Я кинулся следом, но опоздал. Она сжимала серебряную рукоять меча и одним взмахом срезала полог, закрывающий вход. Когда я влетел в хиорт, она стояла рядом с лежащим Муном, приставив остро отточенный кончик сверкающего клинка к коричневому горлу торговца.
— Если бы это случилось в моей стране, я убила бы тебя за то, что ты сделал, — она говорила мягко, без надрыва. Обычно такие красивые фразы оказываются пустыми угрозами — женщина может убить только в порыве ярости, а блондинка казалась совершенно спокойной, но я почему-то был уверен, что жизнь Муна висела на волоске. — В моей стране, если бы я не убила тебя, меня обвинили бы в трусости. Это недостойно не только ан-истойя, но даже истойя. Но ваша страна для меня чужая и обычаев ваших я не знаю, поэтому я оставляю тебе жизнь, — острие меча коснулось горла Муна и на коже выступила капля крови. — Ты ничтожный глупец. Даже не верится, что ты мог распоряжаться жизнью моего брата.
Бедный старина Мун. Его поросячьи глазки чуть не вылезли из орбит, а вспотел он так, что я просто удивился, как меч не соскальзывает с шеи.

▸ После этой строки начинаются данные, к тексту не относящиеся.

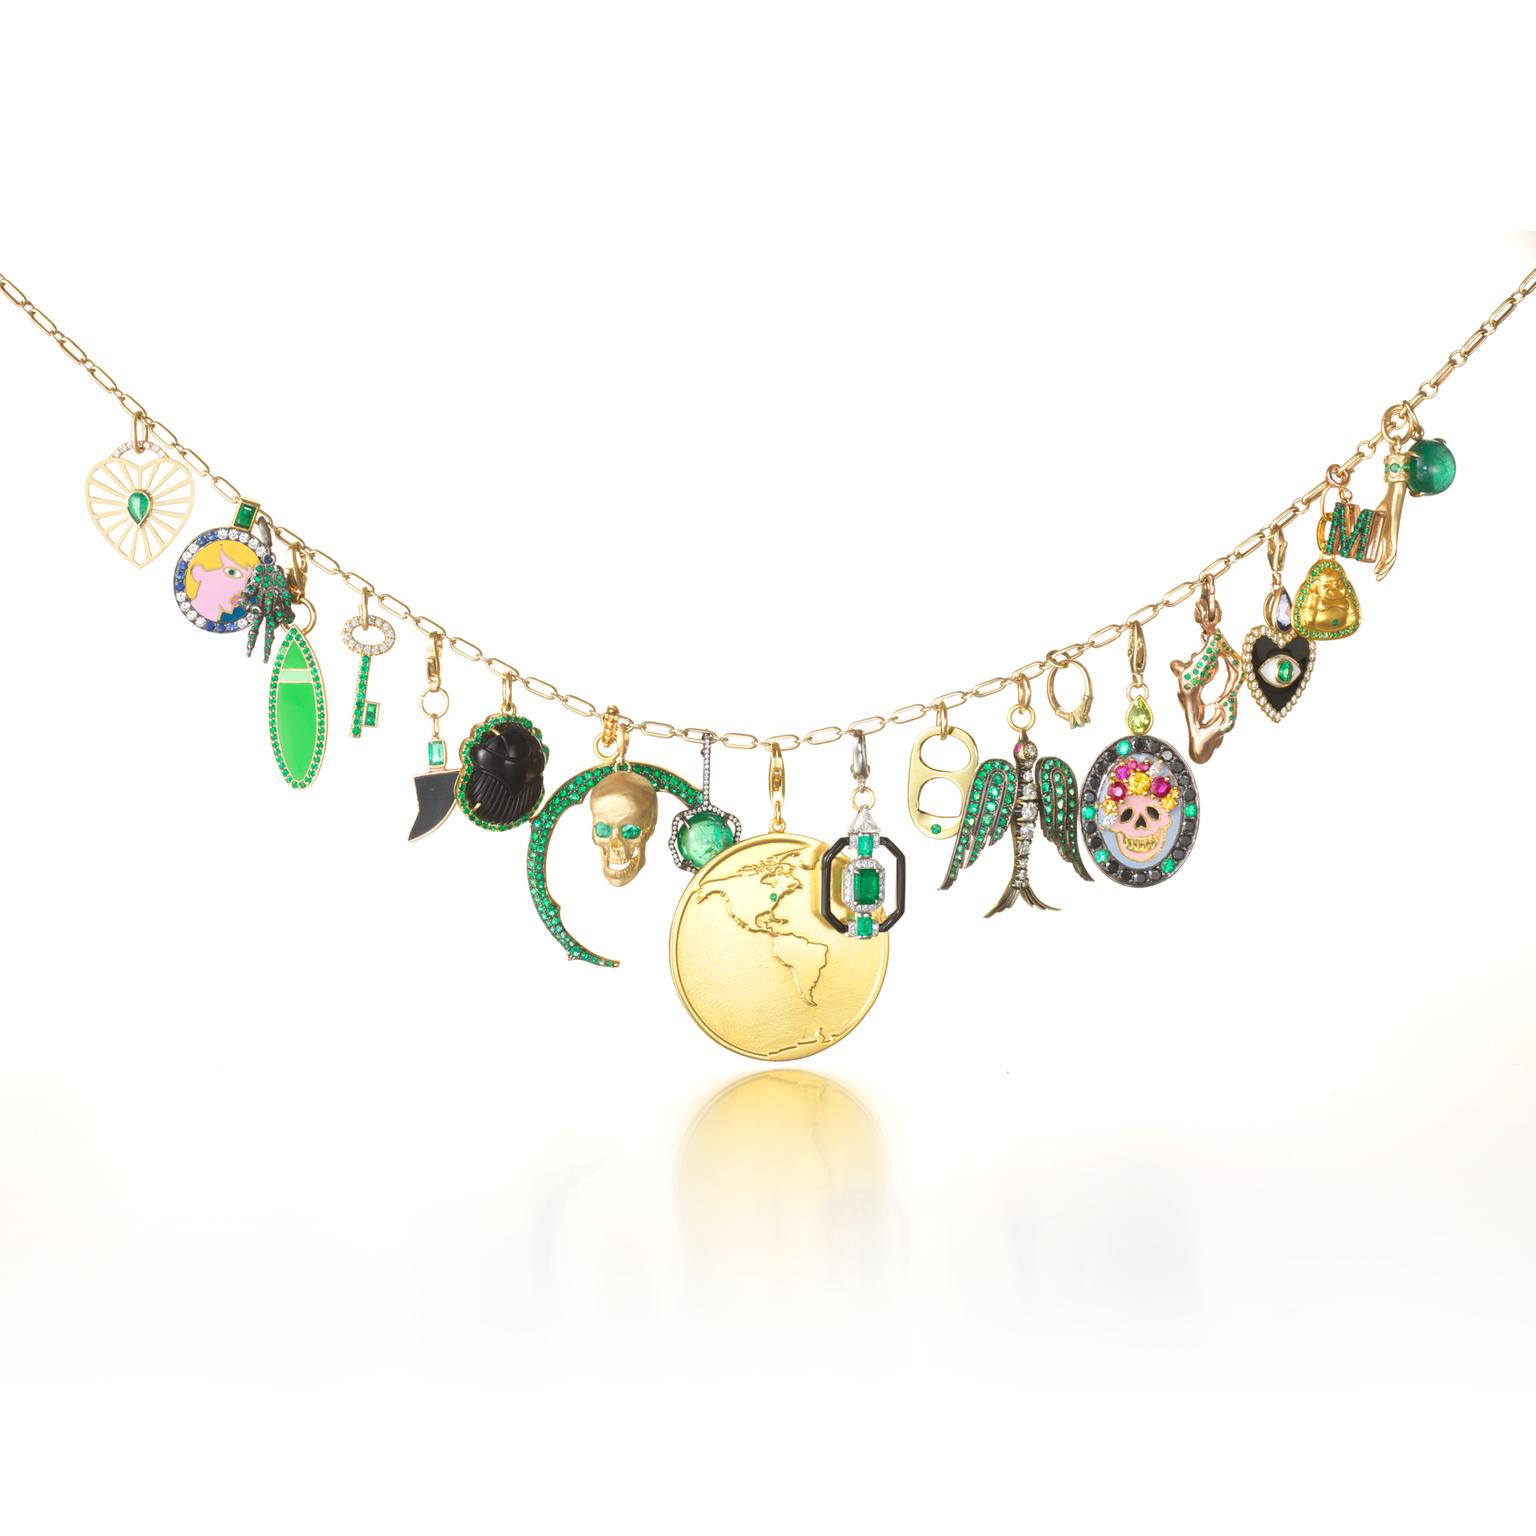 Muse x Gemfields charm necklace with emeralds

— Твоего брата? — выдавил Мун.
Шелковистые волосы прикрывали ее плечи.
— Пять лет назад мой брат был похищен у Северной границы. Ему было десять лет, работорговец… всего лишь десять лет, — голос ее едва не сорвался, но она справилась с собой. — Мы знаем, работорговец, как высоко вы цените наши светлые волосы, голубые глаза, бледную кожу. В стране темноволосых и темнокожих мужчин по-другому и быть не может, — острие вошло поглубже. — Ты украл моего брата, работорговец. Я хочу его вернуть.
— Я его украл! — оскорбленный Мун дернулся и чуть не проткнул себе горло. — Меня не интересуют мальчики, баска. Я занимаюсь женщинами.

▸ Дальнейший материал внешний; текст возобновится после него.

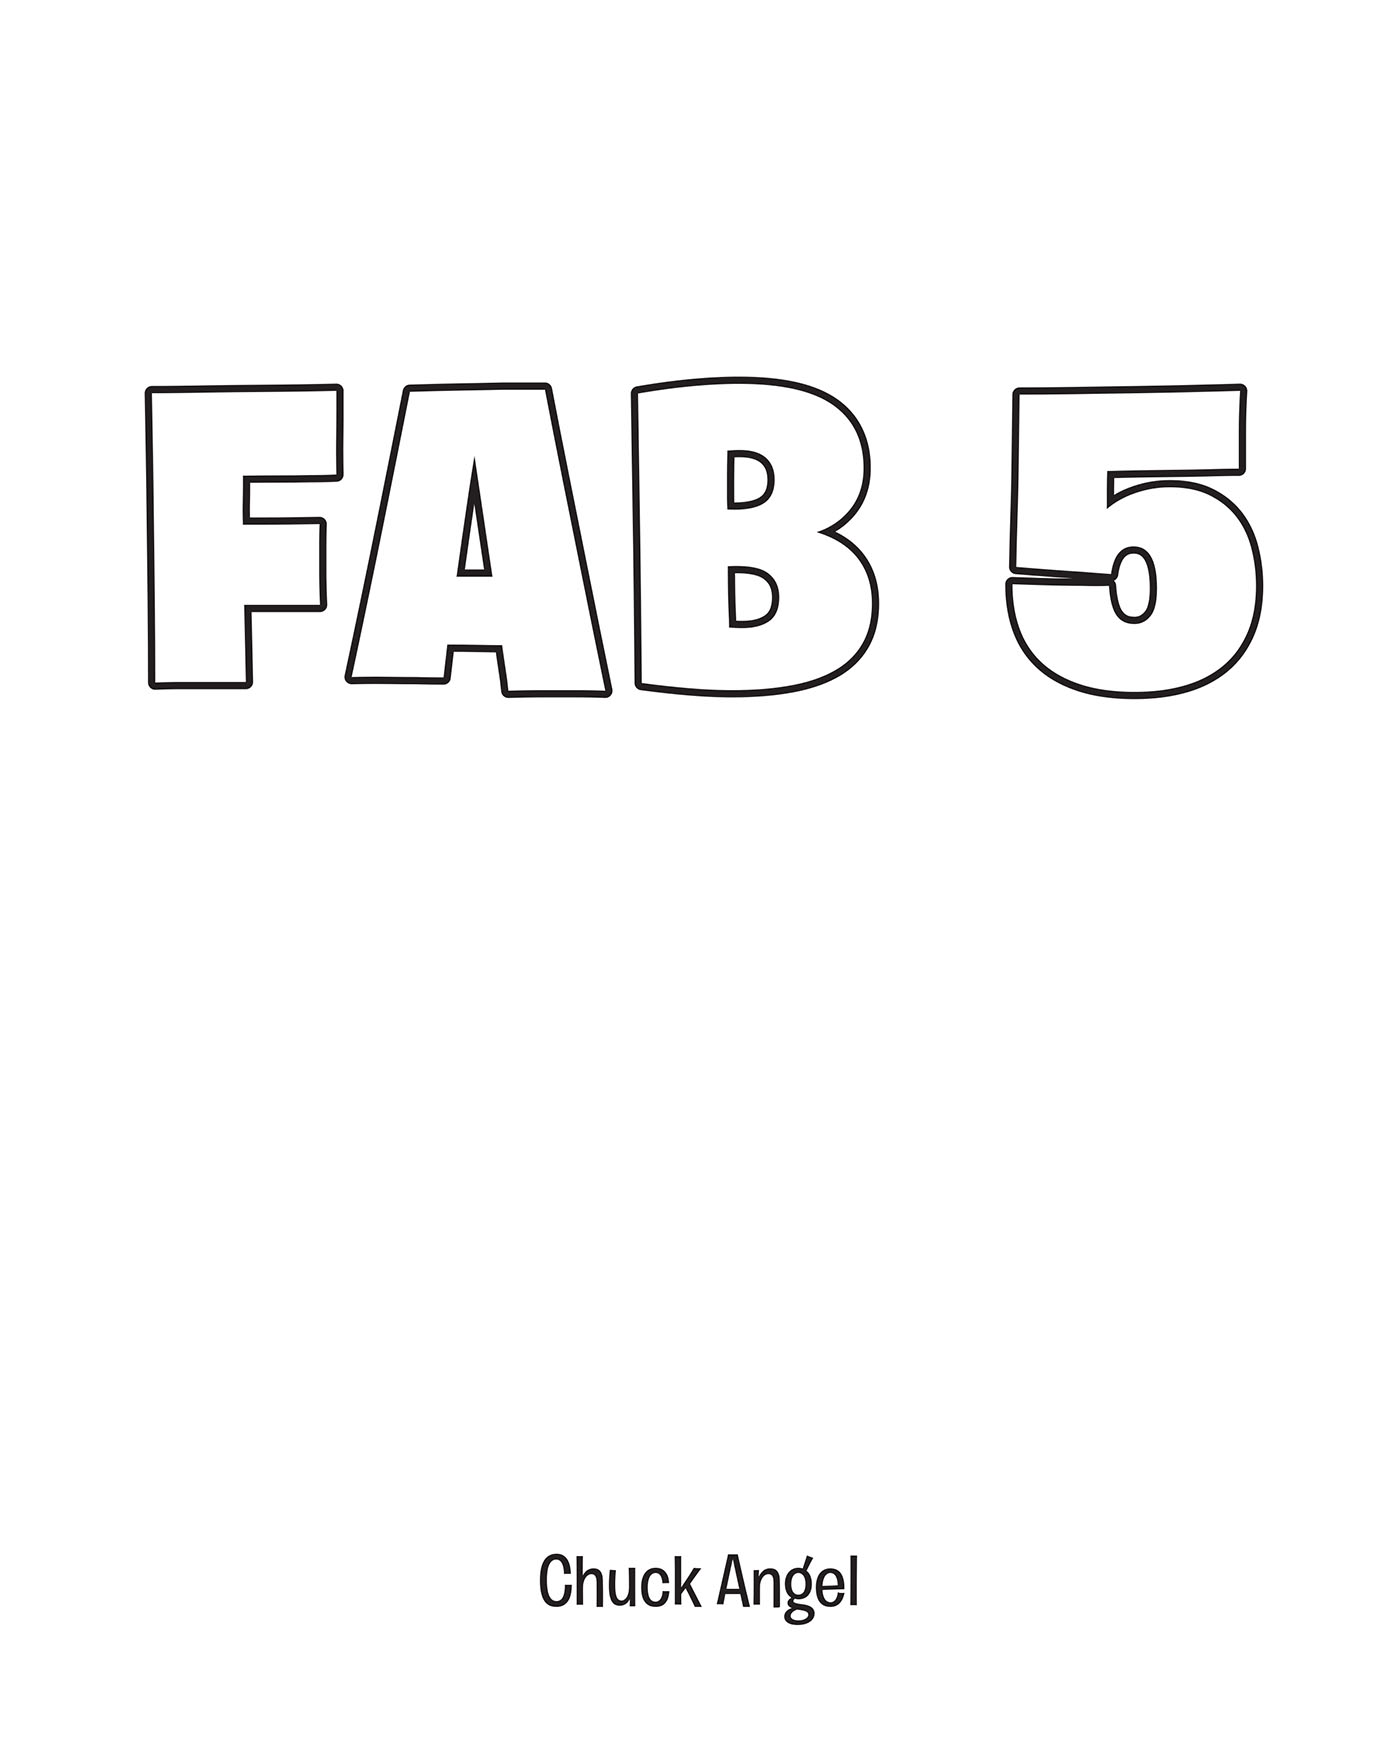 Chuck Angel’s Newly Released "Fab 5" is an Exciting Tale of Superheroes on a Mission to Protect the Natural World

— Лжец, — мягко сказала она. Даже слишком мягко для женщины, готовой убить мужчину. — У вас на Юге полно извращенцев. Они любят выбирать для своих развлечений мальчиков с Севера и хорошо за это платят. Я пять лет училась вести дела, работорговец, так что не ври мне, — носком сандалии она ткнула Муна в объемистый живот. — Светловолосый, голубоглазый мальчик, работорговец, с бледной кожей, похож на меня.
Глазки Муна сверкнули в мою сторону. Я понял его просьбу. С одной стороны, он хотел, чтобы я вмешался и помог ему, с другой, понимал, что если я сделаю хотя бы шаг, она может вонзить клинок в его горло. Я взвесил все за и против и избрал наилучший вариант — подождать.
— Пять лет назад? — Мун так взмок, что желтый бурнус покрылся коричневыми пятнами. — Баска, я ничего не знаю. Пять лет — долгий срок. Да, дети с Севера пользуются спросом, и я часто вижу их. Откуда мне знать, был среди них твой брат или нет.
Я ничего не услышал, но заметил движение ее губ. Она произнесла одно слово и хотя меч не двинулся ни на йоту, капли крови у острия из ярко-красных превратились в угольно-черные и застыли на побелевшей коже.
Мун судорожно хватал ртом воздух. Дыхание вырывалось со свистом и тут же превращалось в пар, как на морозе. Мун прохрипел:
— Был… был мальчик. Пять лет назад или больше. Я пересекал Пенджу, увидел его там… — Мун пожал плечами. — В бараке, в Джуле был маленький мальчик, но я не уверен, что это был твой брат. В Джуле много Северян.
— На Юге, — я влез в разговор. — Опасные места.
— Это неважно, — она снова ткнула Муна ногой в живот. — У кого ты его видел, работорговец?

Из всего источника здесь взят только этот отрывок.